Qwen3-Coder 30B is reliable across all three harnesses in May 2026 — it handles Cline's XML tool format, Aider's search-and-replace blocks, and Continue.dev's autocomplete + chat workflows without measurable degradation. Smaller Qwen3-Coder variants (7B class) tool-call less reliably and do better in Continue.dev's autocomplete-only mode than in Cline's agent loop.
Can I use these with Cursor's local mode?
Cursor's built-in features (Tab autocomplete, Cmd+K) use Cursor's own model routing, not these harnesses. To use a local LLM in Cursor, install Continue.dev or Cline as VS Code extensions inside Cursor — they bring their own provider config independent of Cursor's. Aider runs in Cursor's integrated terminal the same way it runs in VS Code's.
Which is most stable for long sessions?
Aider, by virtue of having no in-process state to corrupt — every edit is a commit, and a session crash loses only the conversation, not the work. Continue.dev is stable across long IDE sessions. Cline's long sessions can hit context-window pressure on smaller models; restarting tasks between major refactors avoids the problem.
Do these support custom system prompts?
All three. Continue.dev: per-model systemMessage in config.json. Cline: "Custom Instructions" field in the extension settings. Aider: --system-prompt flag or per-model defaults in .aider.conf.yml. Custom prompts are particularly useful for Cline (steering Plan mode behaviour) and Aider (enforcing a coding style across commits).

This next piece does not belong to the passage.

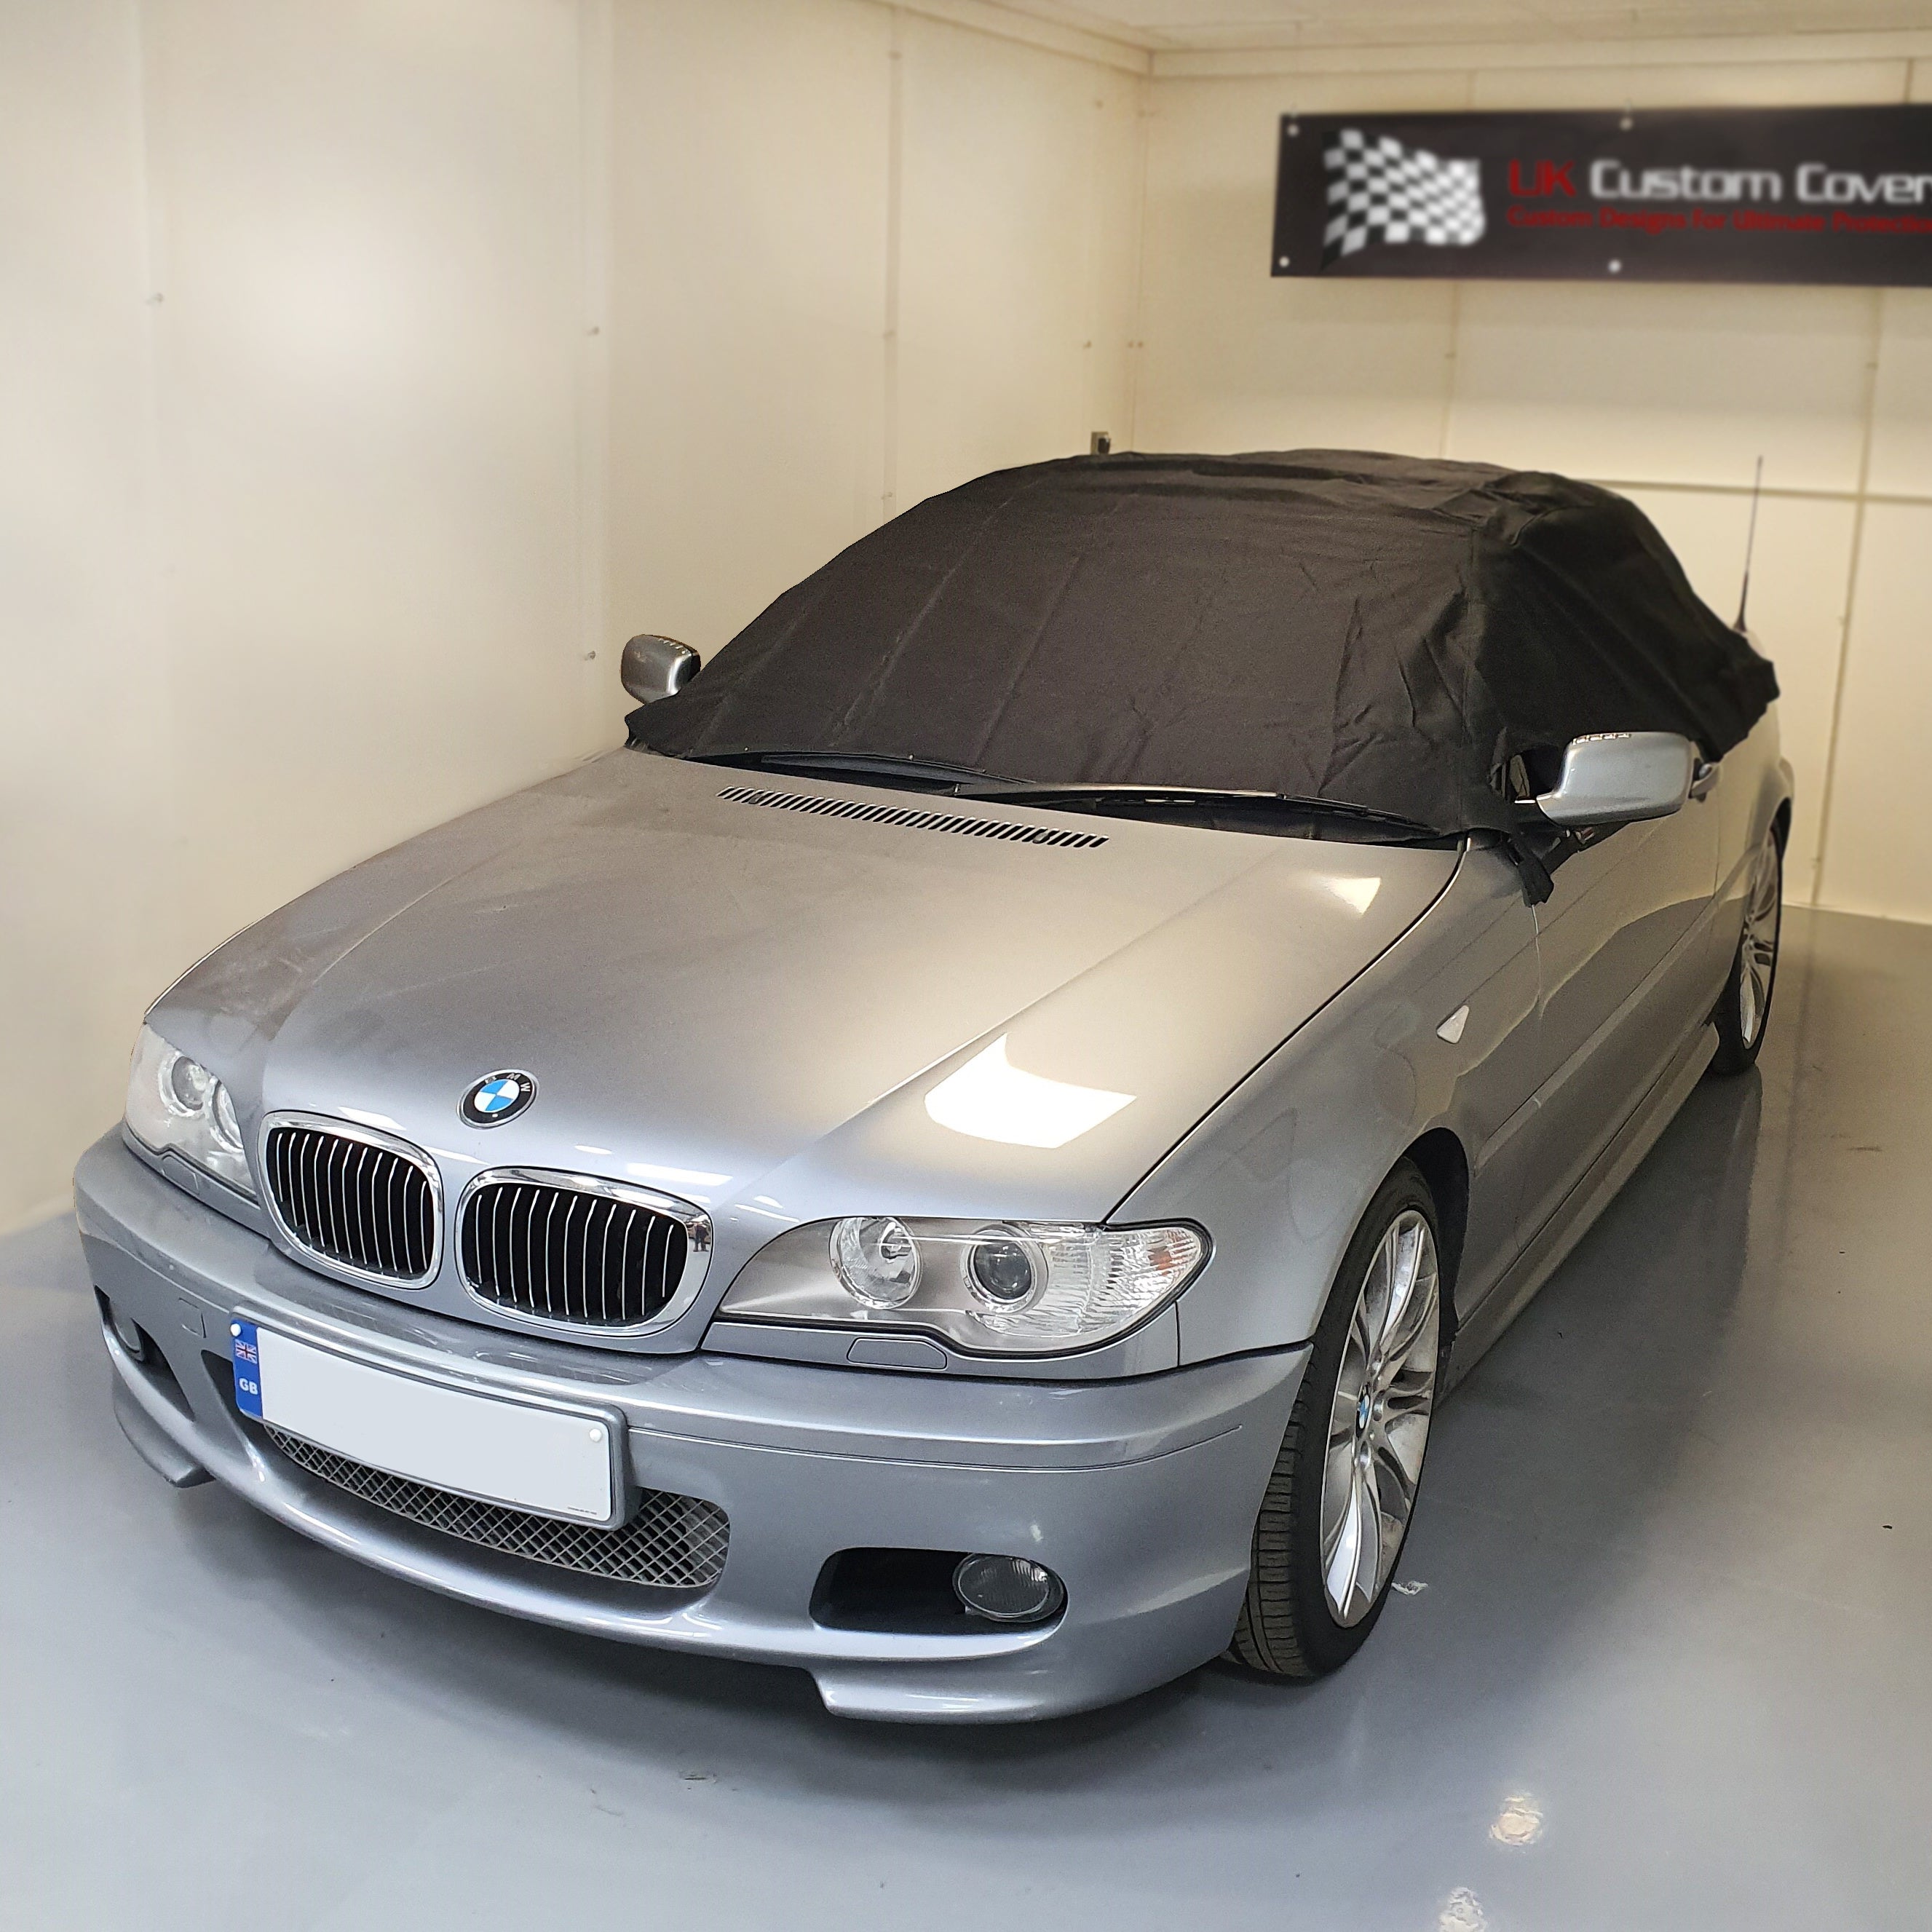 Demi-couverture de toit souple pour BMW E46 - 1999 à 2005 (571) - NOIR

Which has the best community and extension ecosystem?
Continue.dev has the largest user base and most third-party @-context providers (custom retrieval sources, plug-in tools). Cline has a smaller but very active community focused on agent workflows. Aider has the deepest documentation of any of the three — the project blog publishes detailed analyses of edit-format reliability and model behaviour. For a casual user, Continue.dev's ecosystem is the friendliest entry point.